EXERCISE
Each line from the one containing "casamento-Danielle-e-Guilherme-aloha-fotografia-caseme-98" through the end of the entries below must be output exactly; no other line belongs.

....................

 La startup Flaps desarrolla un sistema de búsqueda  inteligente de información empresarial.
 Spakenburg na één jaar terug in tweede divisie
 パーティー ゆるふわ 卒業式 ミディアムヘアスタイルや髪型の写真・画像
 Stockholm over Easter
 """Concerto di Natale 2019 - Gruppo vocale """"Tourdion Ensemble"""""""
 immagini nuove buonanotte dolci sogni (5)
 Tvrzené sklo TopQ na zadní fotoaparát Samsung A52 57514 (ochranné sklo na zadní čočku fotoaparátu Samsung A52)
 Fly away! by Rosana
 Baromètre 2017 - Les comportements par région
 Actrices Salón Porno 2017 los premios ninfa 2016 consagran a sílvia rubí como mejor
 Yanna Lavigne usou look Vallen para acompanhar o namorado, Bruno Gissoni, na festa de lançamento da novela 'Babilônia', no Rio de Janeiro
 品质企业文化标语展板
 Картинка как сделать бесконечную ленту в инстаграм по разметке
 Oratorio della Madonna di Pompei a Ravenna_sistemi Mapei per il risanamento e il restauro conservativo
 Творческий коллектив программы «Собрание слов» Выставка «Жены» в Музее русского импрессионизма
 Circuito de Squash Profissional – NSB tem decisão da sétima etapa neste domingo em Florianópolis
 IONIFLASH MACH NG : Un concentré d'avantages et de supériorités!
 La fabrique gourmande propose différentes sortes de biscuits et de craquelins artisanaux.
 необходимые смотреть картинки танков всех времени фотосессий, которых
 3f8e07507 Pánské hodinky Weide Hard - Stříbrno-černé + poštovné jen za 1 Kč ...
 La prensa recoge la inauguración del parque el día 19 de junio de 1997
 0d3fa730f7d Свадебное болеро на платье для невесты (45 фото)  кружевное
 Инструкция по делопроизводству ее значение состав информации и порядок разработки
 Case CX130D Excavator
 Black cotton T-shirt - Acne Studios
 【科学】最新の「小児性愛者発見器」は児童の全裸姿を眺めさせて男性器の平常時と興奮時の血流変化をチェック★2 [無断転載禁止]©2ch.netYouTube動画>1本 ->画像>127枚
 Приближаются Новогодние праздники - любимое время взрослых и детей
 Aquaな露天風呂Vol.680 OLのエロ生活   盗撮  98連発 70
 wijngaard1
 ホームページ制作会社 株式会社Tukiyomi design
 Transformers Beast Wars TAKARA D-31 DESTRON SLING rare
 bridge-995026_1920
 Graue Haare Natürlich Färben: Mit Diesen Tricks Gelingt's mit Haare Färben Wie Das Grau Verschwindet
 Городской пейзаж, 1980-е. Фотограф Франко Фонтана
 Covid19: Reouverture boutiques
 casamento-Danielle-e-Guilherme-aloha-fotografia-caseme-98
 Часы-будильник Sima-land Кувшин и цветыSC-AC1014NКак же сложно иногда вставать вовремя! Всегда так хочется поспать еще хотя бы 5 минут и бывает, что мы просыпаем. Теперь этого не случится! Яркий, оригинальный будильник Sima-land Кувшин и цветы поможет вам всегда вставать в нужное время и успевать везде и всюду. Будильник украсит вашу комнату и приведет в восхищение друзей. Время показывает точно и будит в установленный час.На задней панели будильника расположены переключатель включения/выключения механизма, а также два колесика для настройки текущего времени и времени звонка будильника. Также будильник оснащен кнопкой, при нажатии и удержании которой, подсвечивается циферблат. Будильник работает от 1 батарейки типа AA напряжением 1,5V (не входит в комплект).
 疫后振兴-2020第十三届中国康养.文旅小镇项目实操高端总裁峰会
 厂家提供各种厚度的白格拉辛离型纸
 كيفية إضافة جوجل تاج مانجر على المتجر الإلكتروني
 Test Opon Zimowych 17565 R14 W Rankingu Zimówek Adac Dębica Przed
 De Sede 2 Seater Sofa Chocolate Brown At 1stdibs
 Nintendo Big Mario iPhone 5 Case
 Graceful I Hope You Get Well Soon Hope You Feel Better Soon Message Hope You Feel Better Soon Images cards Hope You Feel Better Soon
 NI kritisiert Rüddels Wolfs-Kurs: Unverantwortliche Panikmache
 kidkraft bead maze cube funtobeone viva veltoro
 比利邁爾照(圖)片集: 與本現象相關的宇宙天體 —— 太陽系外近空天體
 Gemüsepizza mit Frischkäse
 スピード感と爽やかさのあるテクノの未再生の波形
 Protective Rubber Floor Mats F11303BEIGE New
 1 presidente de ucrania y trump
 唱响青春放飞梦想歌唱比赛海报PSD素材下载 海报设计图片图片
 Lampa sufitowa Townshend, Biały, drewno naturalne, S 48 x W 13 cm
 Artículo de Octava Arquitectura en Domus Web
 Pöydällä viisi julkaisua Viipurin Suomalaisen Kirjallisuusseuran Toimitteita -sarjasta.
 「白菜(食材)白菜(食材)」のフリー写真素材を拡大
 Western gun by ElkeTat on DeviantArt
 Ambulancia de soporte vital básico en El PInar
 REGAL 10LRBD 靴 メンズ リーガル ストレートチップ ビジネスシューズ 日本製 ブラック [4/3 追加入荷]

....................

RESULT OF THE TASK
 casamento-Danielle-e-Guilherme-aloha-fotografia-caseme-98
 Часы-будильник Sima-land Кувшин и цветыSC-AC1014NКак же сложно иногда вставать вовремя! Всегда так хочется поспать еще хотя бы 5 минут и бывает, что мы просыпаем. Теперь этого не случится! Яркий, оригинальный будильник Sima-land Кувшин и цветы поможет вам всегда вставать в нужное время и успевать везде и всюду. Будильник украсит вашу комнату и приведет в восхищение друзей. Время показывает точно и будит в установленный час.На задней панели будильника расположены переключатель включения/выключения механизма, а также два колесика для настройки текущего времени и времени звонка будильника. Также будильник оснащен кнопкой, при нажатии и удержании которой, подсвечивается циферблат. Будильник работает от 1 батарейки типа AA напряжением 1,5V (не входит в комплект).
 疫后振兴-2020第十三届中国康养.文旅小镇项目实操高端总裁峰会
 厂家提供各种厚度的白格拉辛离型纸
 كيفية إضافة جوجل تاج مانجر على المتجر الإلكتروني
 Test Opon Zimowych 17565 R14 W Rankingu Zimówek Adac Dębica Przed
 De Sede 2 Seater Sofa Chocolate Brown At 1stdibs
 Nintendo Big Mario iPhone 5 Case
 Graceful I Hope You Get Well Soon Hope You Feel Better Soon Message Hope You Feel Better Soon Images cards Hope You Feel Better Soon
 NI kritisiert Rüddels Wolfs-Kurs: Unverantwortliche Panikmache
 kidkraft bead maze cube funtobeone viva veltoro
 比利邁爾照(圖)片集: 與本現象相關的宇宙天體 —— 太陽系外近空天體
 Gemüsepizza mit Frischkäse
 スピード感と爽やかさのあるテクノの未再生の波形
 Protective Rubber Floor Mats F11303BEIGE New
 1 presidente de ucrania y trump
 唱响青春放飞梦想歌唱比赛海报PSD素材下载 海报设计图片图片
 Lampa sufitowa Townshend, Biały, drewno naturalne, S 48 x W 13 cm
 Artículo de Octava Arquitectura en Domus Web
 Pöydällä viisi julkaisua Viipurin Suomalaisen Kirjallisuusseuran Toimitteita -sarjasta.
 「白菜(食材)白菜(食材)」のフリー写真素材を拡大
 Western gun by ElkeTat on DeviantArt
 Ambulancia de soporte vital básico en El PInar
 REGAL 10LRBD 靴 メンズ リーガル ストレートチップ ビジネスシューズ 日本製 ブラック [4/3 追加入荷]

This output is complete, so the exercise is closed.